### Supplied information

***

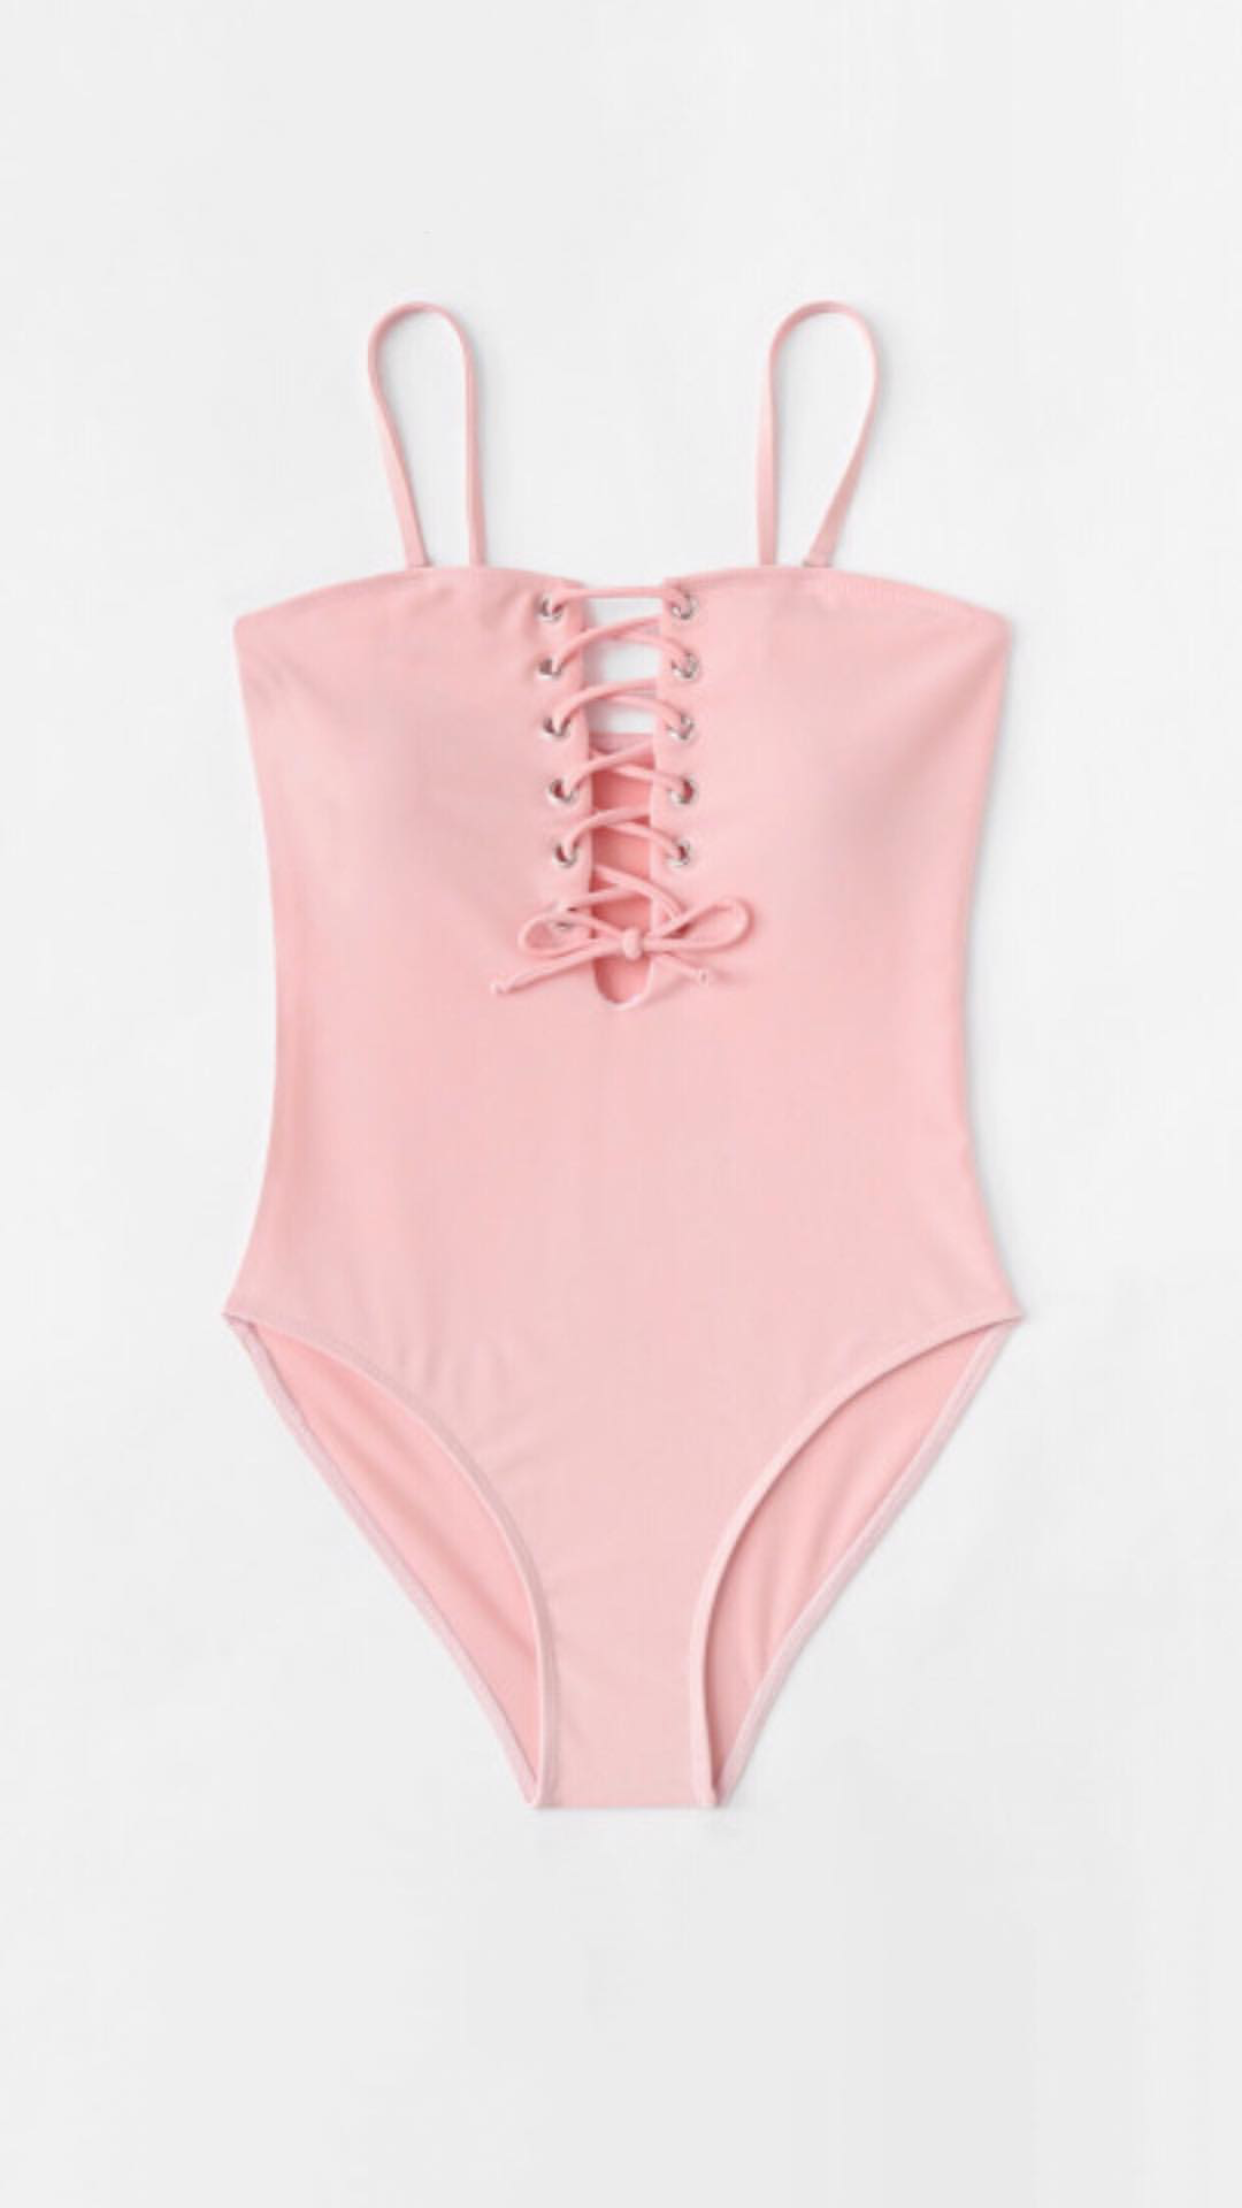 Bañador rosa pastel
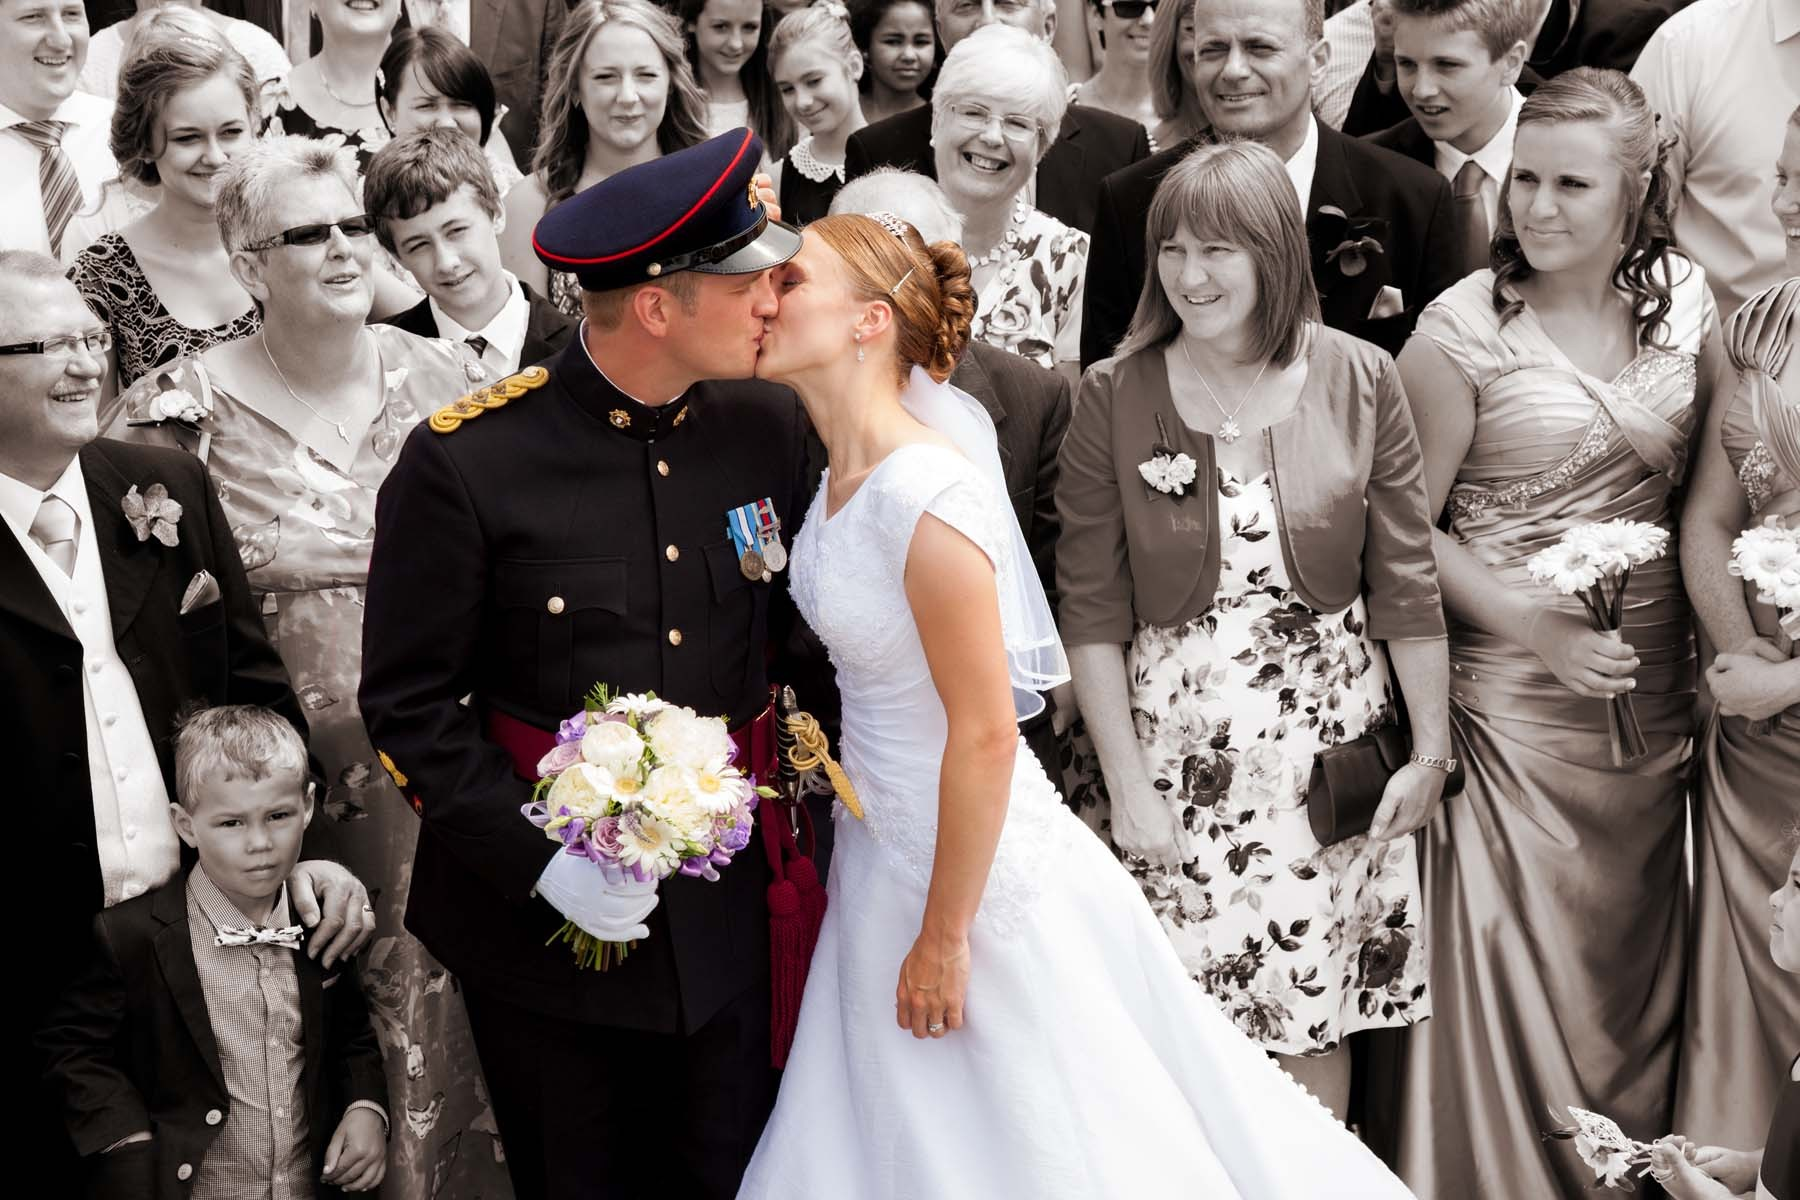 Sussex & Surrey Wedding Photographer - Guests & Groups (3)
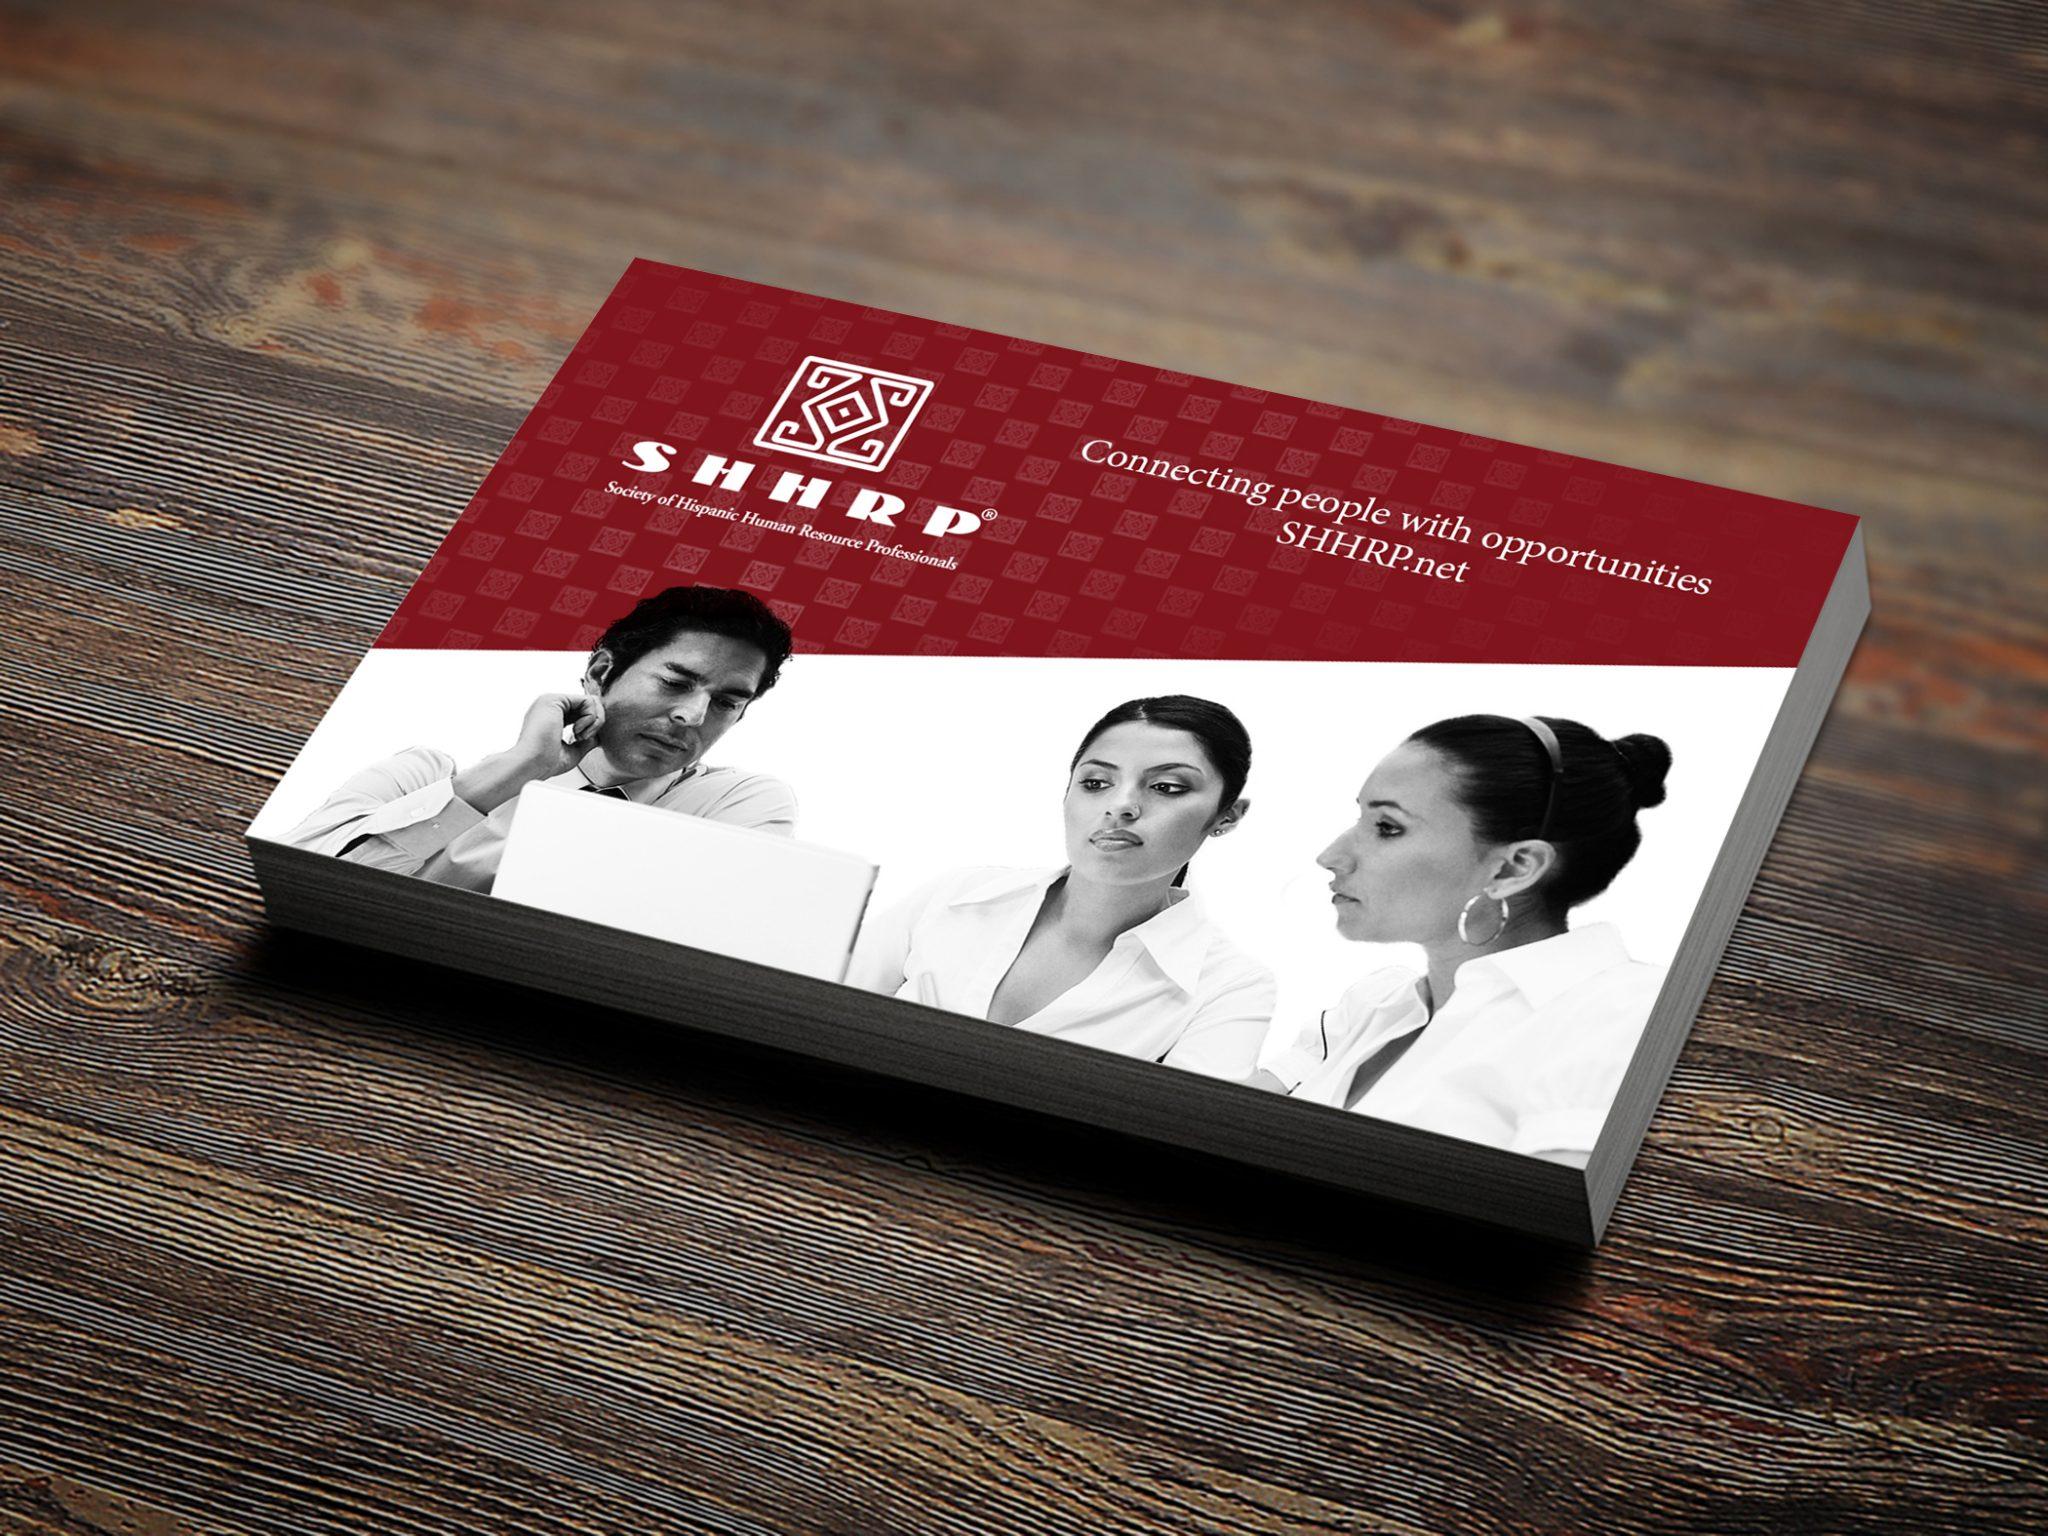 Society of Hispanic Human Resource Professionals Business Card

***

Only the lines from the one containing "Sussex & Surrey" through the last line of the material should be returned, exactly and without pictures.

### Exercise response
 Sussex & Surrey Wedding Photographer - Guests & Groups (3)
 Society of Hispanic Human Resource Professionals Business Card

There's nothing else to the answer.